# Francis X1 Temperature gauge



## Jason Harford (Nov 9, 2015)

Hi All, just a quick one to see anyone can help me. I have and love a Francis X1 V2 machine and use it daily. My temperature gauge has just packed in (the older one with the girl pulling tongue). Can I repair this myself somehow or would I need a replacement part? If has anyone got a spare to sell.

many thanks


----------



## Jumbo Ratty (Jan 12, 2015)

These go wrong a lot of the time, its a very common fail.

I had one and the same happened to me, , i just carried on using it with it not working. It only displays the temperature, it doesnt alter it.

you could perhaps contact the facebook link I have provided. They might have one cheaper

https://www.facebook.com/Richards-Coffee-Machines-122643514575238/

The part can easily be installed by yourself.

http://www.craystoneshop.co.uk/francisfrancis-x1-temperature-gauge-c2x17587714


----------



## Jason Harford (Nov 9, 2015)

Hi Jumbo,

thanks for such a quick response! I still use the machine the same no problem but I love the whole ritual of making coffee and the gauge just adds to it so I'll hopefully replace the part if I can get one.


----------



## Jumbo Ratty (Jan 12, 2015)

Take the front off and have a peak inside. you might be lucky and find the wire has come loose, or burnt through because its touched something hot.

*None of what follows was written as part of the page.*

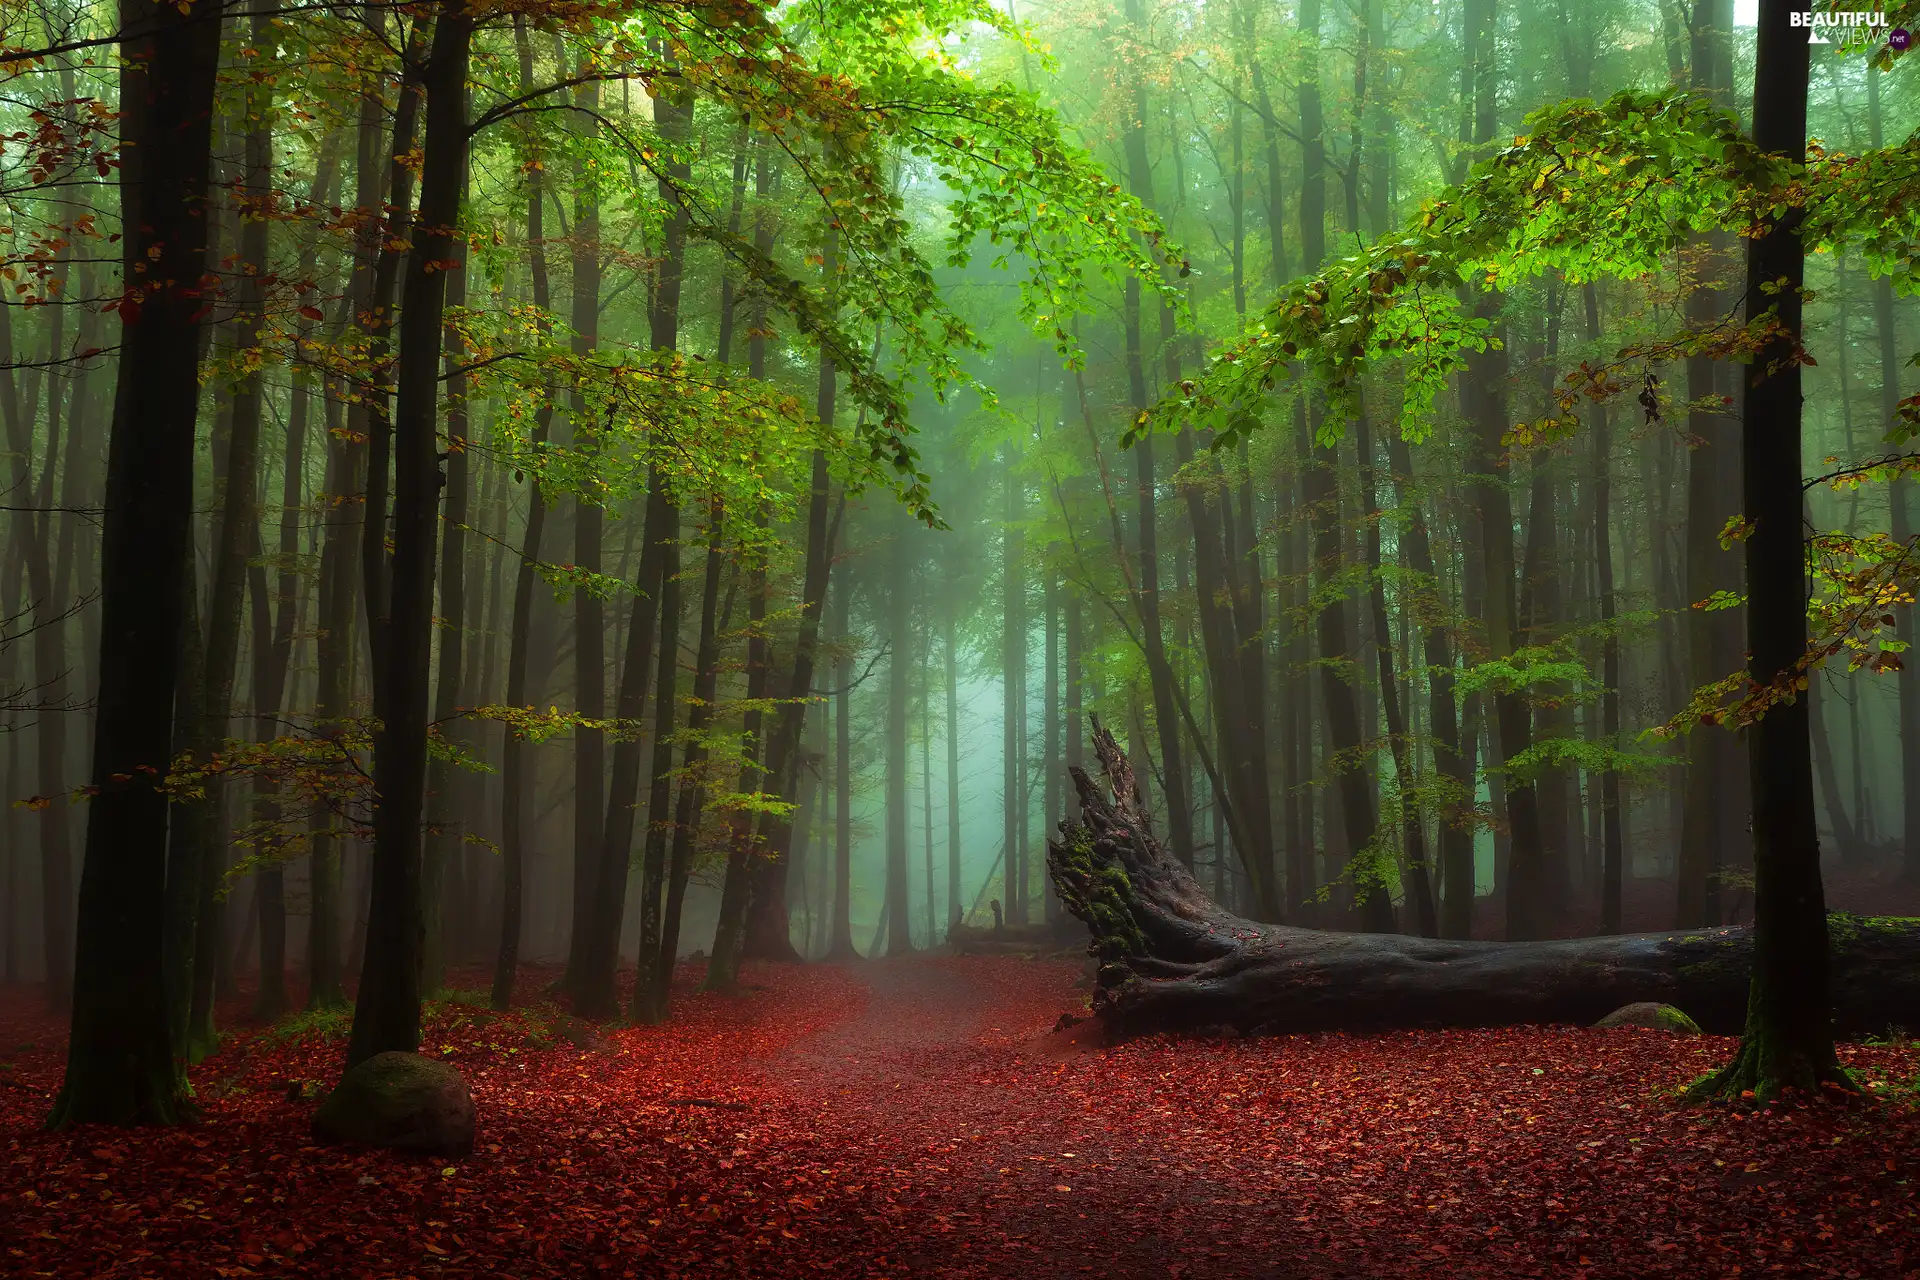 trees, viewes, trees, Way, fallen, green ones, forest, Fog
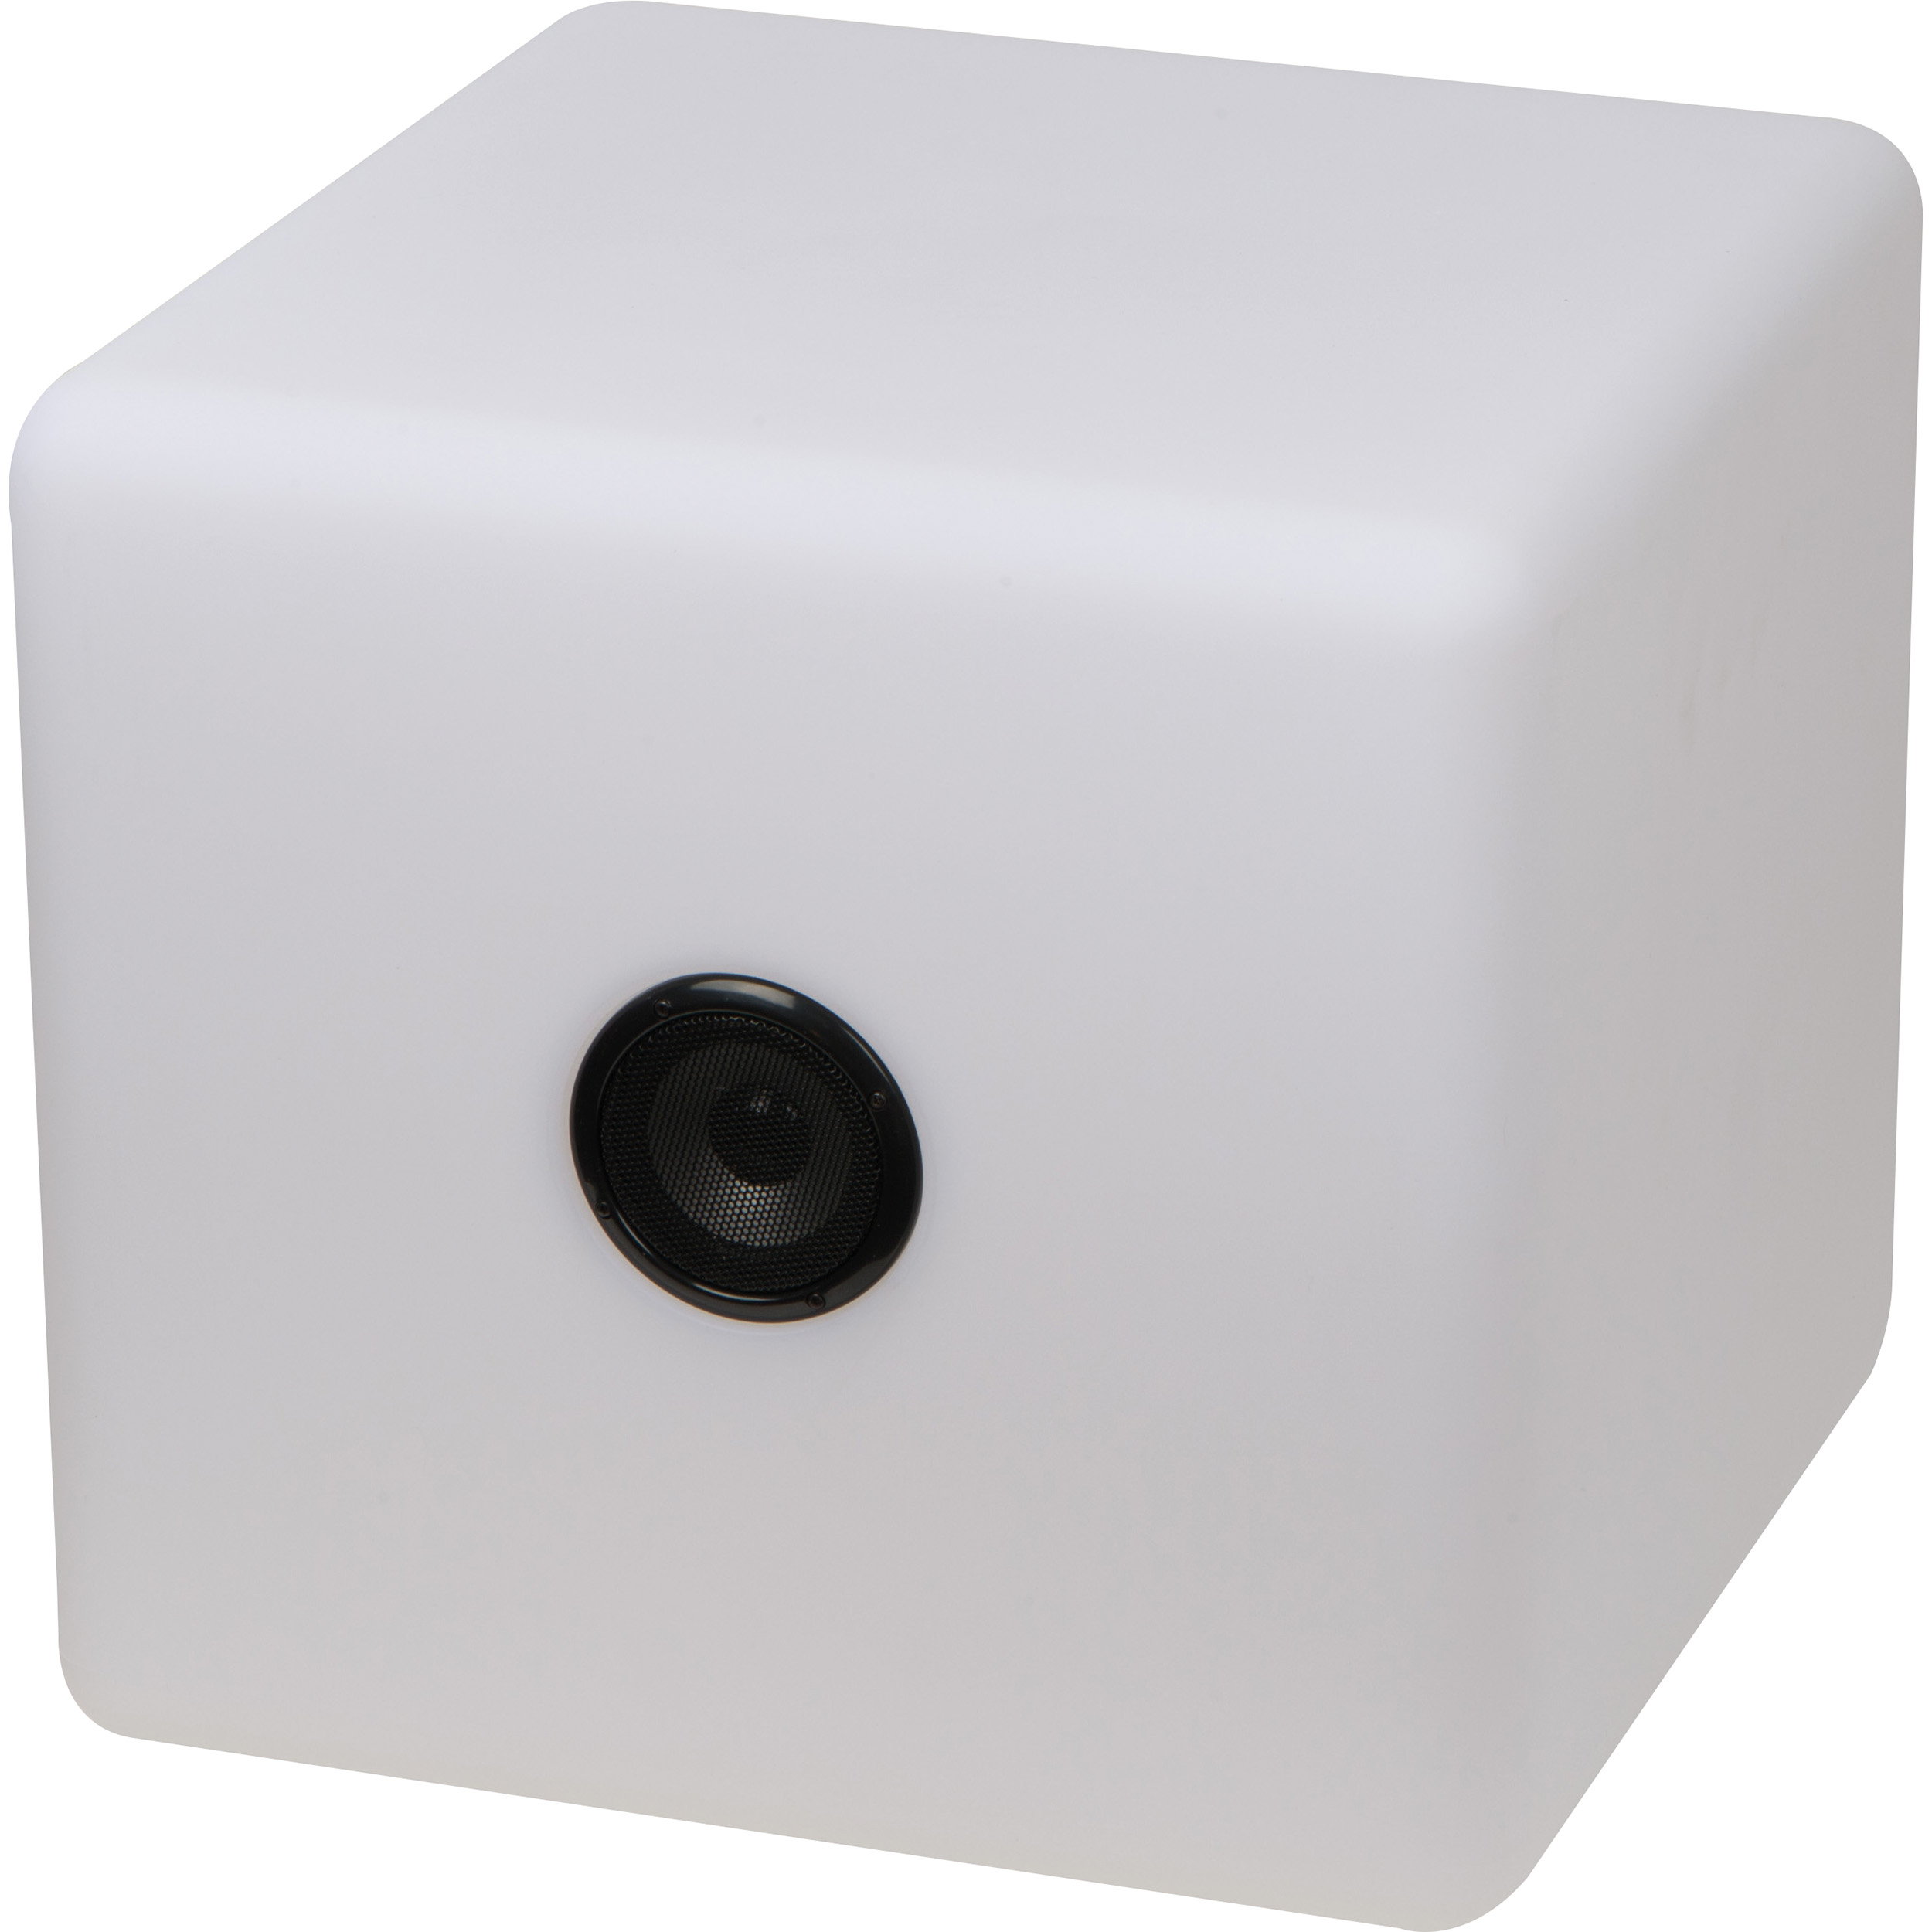 Coulour changing LED speaker

http://www.saum.cc/FFX1.html


----------



## Jason Harford (Nov 9, 2015)

Hi Jumbo, I took your advice and I think I might of got lucky. When I took it apart and put it back together the gauge seemed to work. Not perfectly like before so I contacted Richard and he was very helpful so I'll order a new one as it looks like its probably on its way out. Again thanks for your help.


----------



## Jumbo Ratty (Jan 12, 2015)

Your welcome, and i'm pleased i could help.


----------



## Araucaria1 (Jan 17, 2018)

I am on my second temperature gauge in 5 years and this too, is starting to fail. Gauge is accurate for about 2 years then slowly under-reads until the indicated temperature hardly moves; time to buy a new one - or as I'm not going to the expense of a third unit, will just rely on the green light to tell me the water is hot enough. I've checked the water temperature at the green light and that is OK at about 85 DegC. As the union is a liquid filled capillary, I guess it slowly leaks over time. Not a good design!


----------